JPH01302661A - Lead acid battery and its manufacture - Google Patents

Abstract

PURPOSE:To enhance the rising characteristic of a lead acid battery equipped with a higher capacity when it is left in overdischarged condition for a certain period of time and also the restoring characteristic after self-discharging, by using an electrode plate, whose X-ray diffraction peak ratio of alpha-PbO2 to beta-PbO2 is specified, to the active substance of a surface layer and central layer. CONSTITUTION:After a lattice is filled with paste, it is immersed in sulfuric acid solution to turn its surface layer into PbSO4, and upon usual heat formation, this is subjected to chemical formation in neutral sulfate solution followed by specified processes to use an electrode plate, whose active substance in the surface layer has an X-ray diffraction peak ratio of alpha-PbO2 to beta-PbO2 is alpha/beta<=0.5 while that in the central layer is alpha/beta>0.5. In this type of electrode plate, the active substance on both surfaces has an increased porosity and is rich with beta-PbO2 to cause increase in the capacity, while the active substance in the central layer is rich with alpha-PbO2 and does not commit so much to electrochemical reaction, so that no PbSO4 or PbO are produced in the neighborhood of the lattice.

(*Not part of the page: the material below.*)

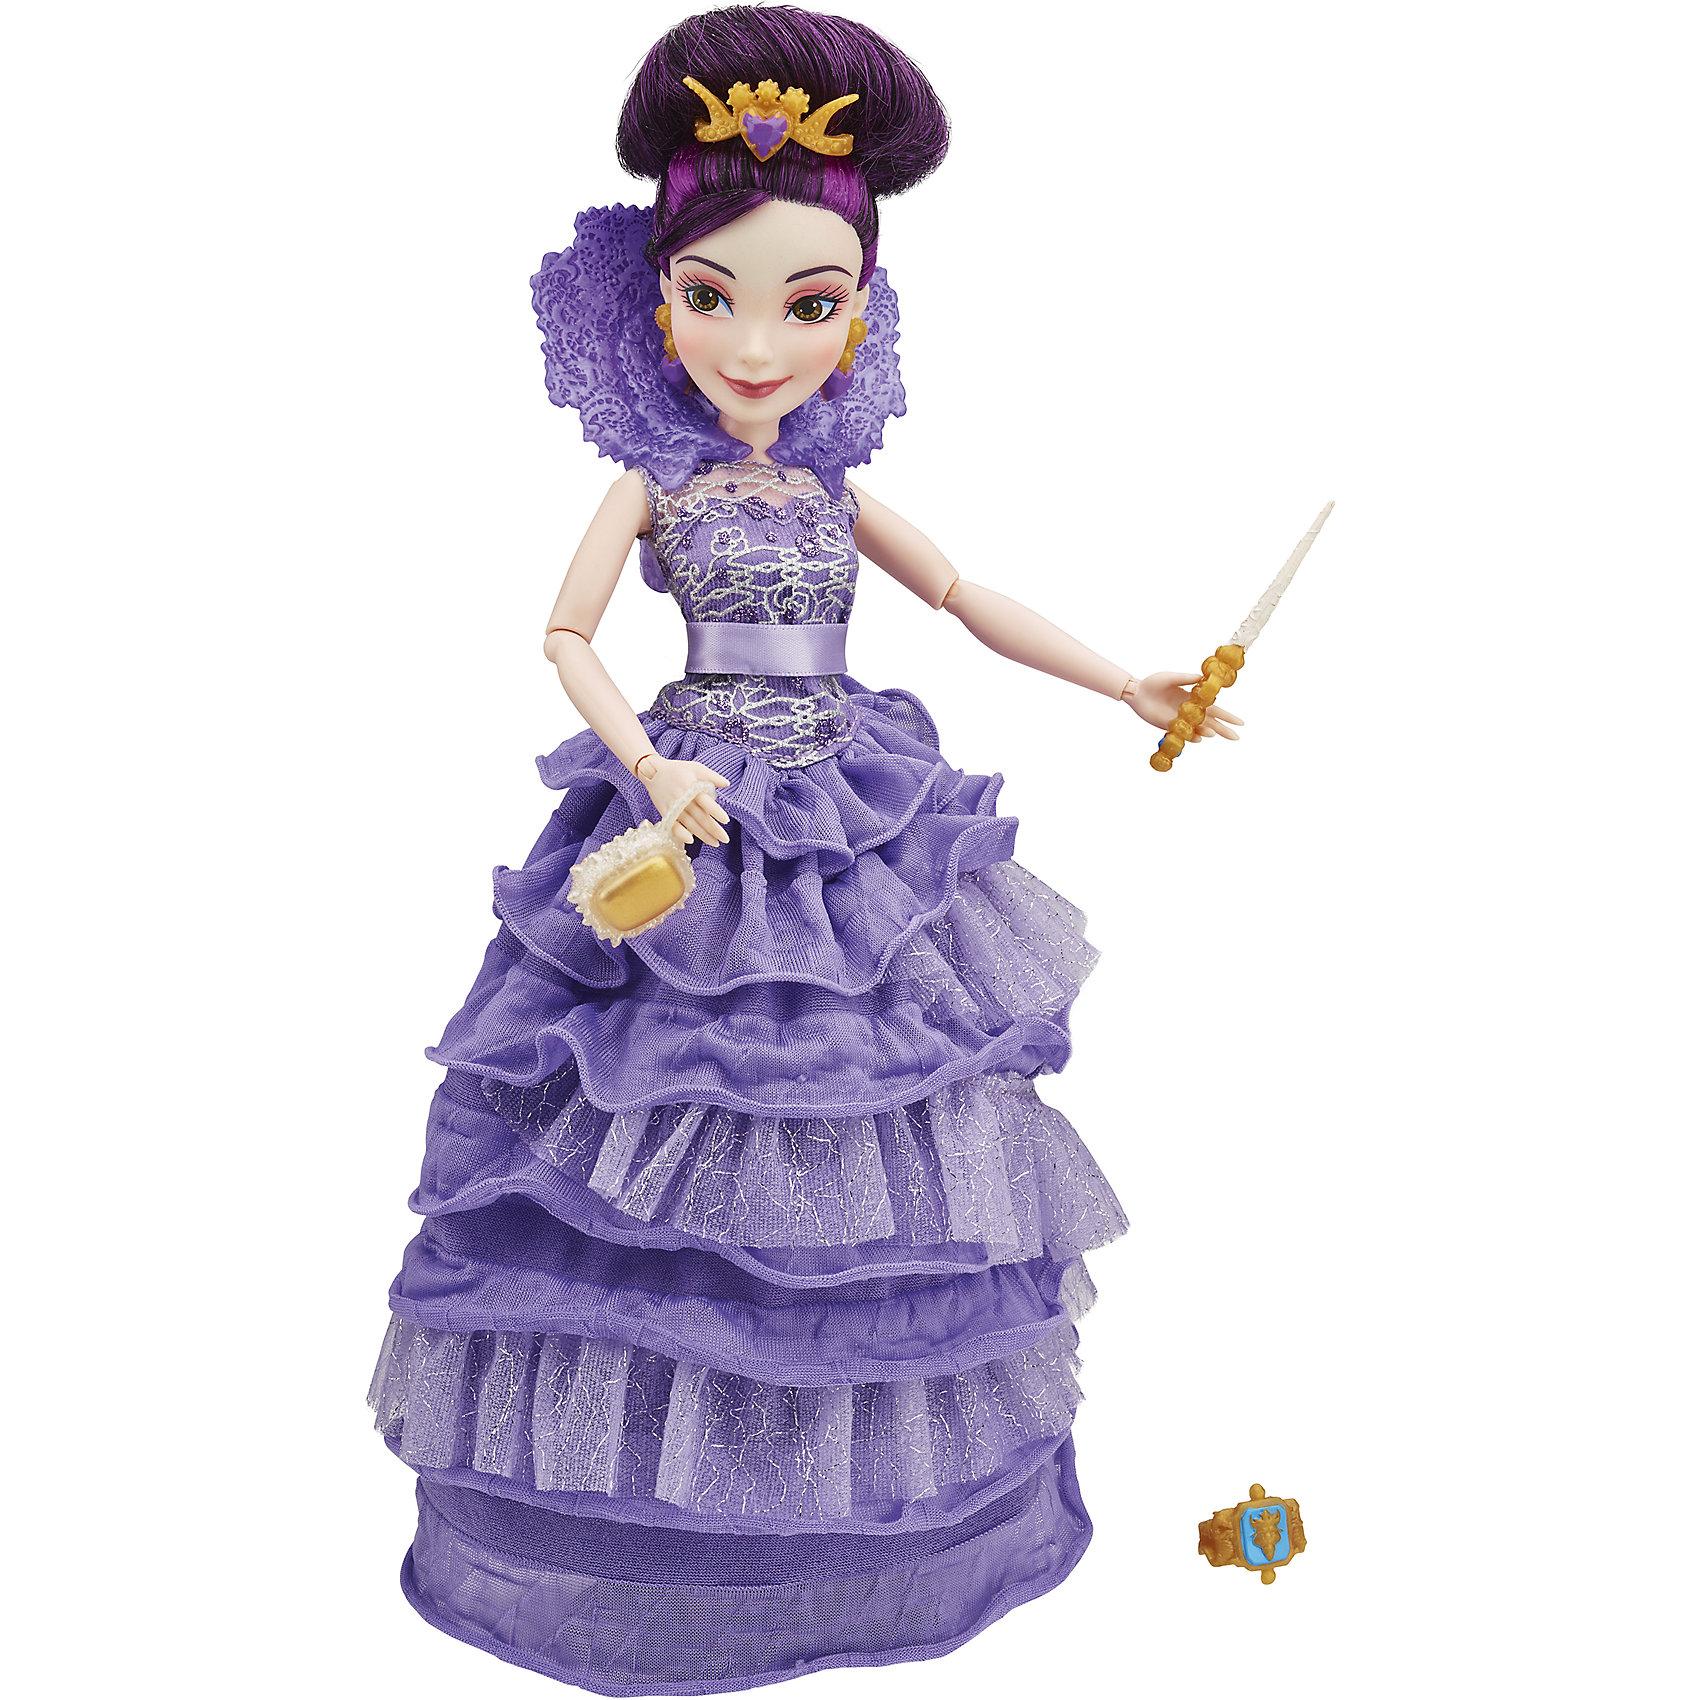 Кукла Мел в платье для коронации, Наследники, DisneyИгрушки<br>Темные герои в платьях для коронации, Наследники, Disney, B3120/B3121.<br><br>Характеристики:<br><br>- В наборе: 1 кукла в платье для коронации, тиара, скипетр, сумочка, кольцо для девочки<br>- Высота куклы: 27,5 см.<br>- Материал: высококачественный пластик, текстиль<br><br>Замечательная кукла Мел станет приятным подарком для девочки - поклонницы мультфильма «Наследники». Кукла выполнена с соблюдением внешних особенностей диснеевской героини Мел, дочери Малефисенты и одета в праздничное вечернее платье для коронации. В наряде Мел преобладает сиреневый цвет. На ней длинное платье с пышной юбкой и высоким воротником. На ногах - золотые босоножки, а в руках скипетр и стильная сумочка. У куклы красивые густые волосы фиолетового цвета, которые можно заплетать в различные косы или укладывать в прически. Волосы уложены в высокую прическу, на голове красуется тиара. Насыщенный макияж Мел подчеркивает выразительность глаз, а длинные нарисованные реснички делают взгляд проницательным и ярким. А еще вашу малышку ждет приятный сюрприз - в набор входит золотистое колечко с гербом, которое она сможет носить на своей руке. Кукла имеет шарнирное соединение в 11 точках артикуляции, и может принимать любую позу. Игрушка выполнена из качественных, нетоксичных материалов, сертифицированных для производства детских товаров. Используемые красители безопасны для ребёнка.<br><br>Набор Темные герои в платьях для коронации, Наследники, Disney, B3120/B3121 можно купить в нашем интернет-магазине.<br><br>Ширина мм: 63<br>Глубина мм: 252<br>Высота мм: 1750<br>Вес г: 399<br>Возраст от месяцев: 72<br>Возраст до месяцев: 168<br>Пол: Женский<br>Возраст: Детский<br>SKU: 5064675

This enhance the rising characteristic in charging after the battery turned into high capacity is left in overdischarged condition or after it is self- discharged.

Description

DETAILED DESCRIPTION OF THE INVENTION Field of Industrial Application The present invention improves the self-discharge and charge recovery characteristics of high-capacity lead-acid batteries after being left overdischarged.

Conventional technology Conventionally, in order to improve the charge recovery characteristics of lead-acid batteries after being left for self-discharge or over-discharge, the electrode sheet metal was left in low-concentration sulfuric acid after chemical formation, or the battery was left at high temperature to improve the lattice recovery characteristics. α-PbO2, which is inert and conductive to charge/discharge reactions, was generated nearby.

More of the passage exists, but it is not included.